A lot of blogs on Medium are doing borderline shady tactics to force people into sharing their email addresses. And I will do my best to explain how. Another issue is when sites block access from the entire EU region because of GDPR regulations. More on that soon.
If you want to skip the technical part, click here to jump straight to the tools section.
What is a Paywall?
In the most basic terms, a paywall is used to protect website content that is intended to be paid for. The cost can be either monetary - subscription - or an email address to help grow a newsletter.
The reasoning behind using a paywall is quite simple: ad-blockers are hindering publisher revenue streams. And this has been happening for more than a decade now.
Google reported in 2017 that, "[...] more than 600 million devices use ad-blockers". It's only fair to assume that this number has grown exponentially since then.
If you're a big publisher and you depend on advertising revenue, it makes sense to transition over to a subscription model. However, my angle on this topic is related to search engines.
Specifically, how publishers let search engines like Google crawl and index their content but do not let the searcher read it.
How do search engines access paywalled content?
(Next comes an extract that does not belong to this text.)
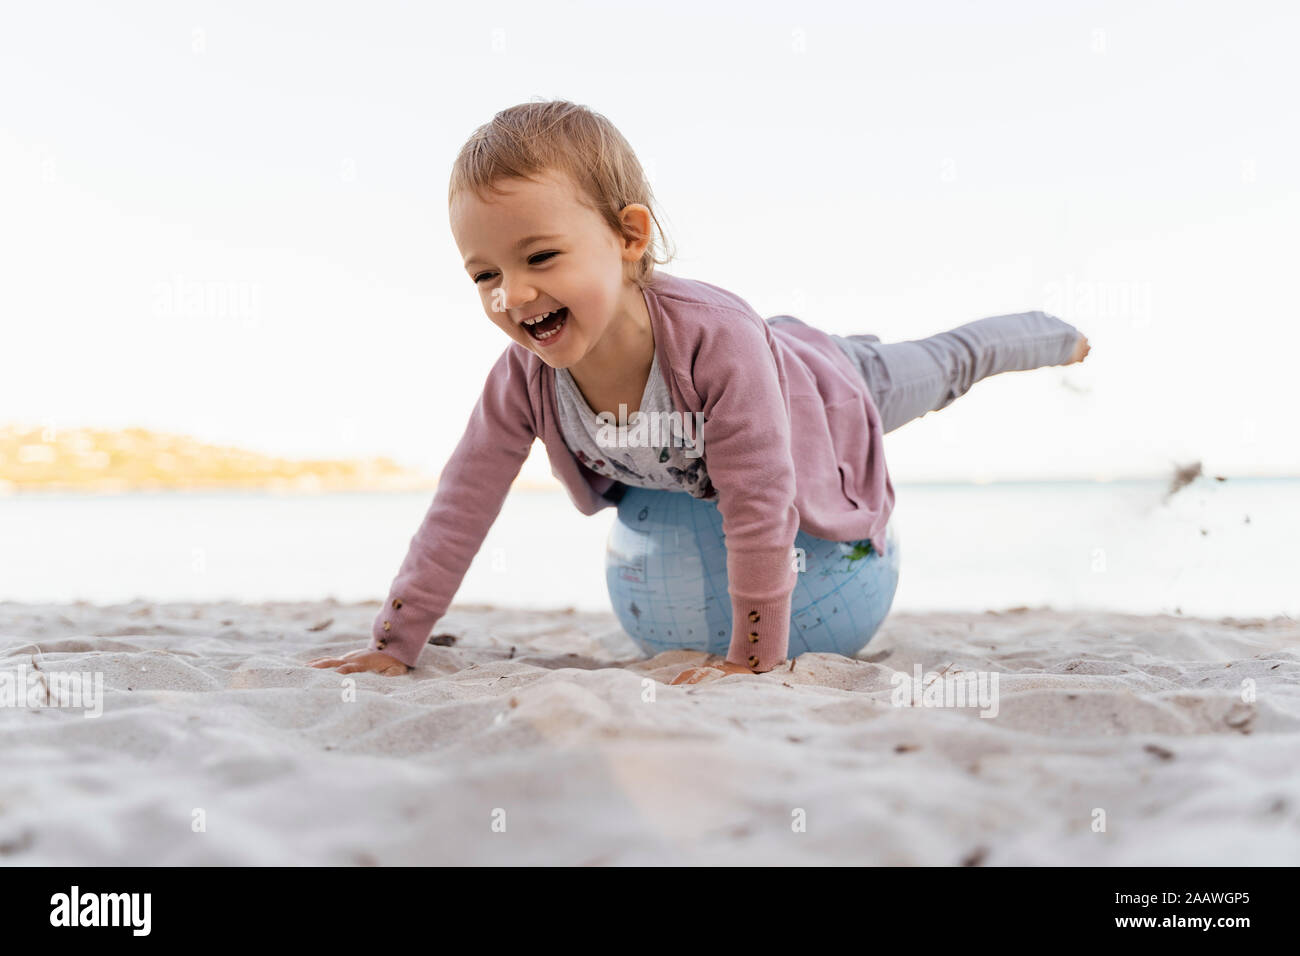 Portrait of laughing little girl balancing on  Earth beach ball Stock Photo

So, let me illustrate what happened and why I wrote this article in the first place. When doing research for my open-source analytics article, I wanted to know the impact that ad-blockers have on analytics reports.
In particular, how ad-blockers affect the reporting of tools like Google Analytics.
My search query for this was: "ad blockers analytics tracking".
And here is the search result from Google:
The first result is from Towards Data Science and it is a featured snippet. These snippets are Google's way of giving you a quick answer to a specific question. And, they are stickied to the top of the search result page as to imply authority.
Nevertheless, the answer is quite straightforward, but I wanted to know more. So, I clicked on the article's link. And this is the page I was greeted with:
My first thought? This is annoying as hell. My second thought? How did Google see this article and promote it in search results?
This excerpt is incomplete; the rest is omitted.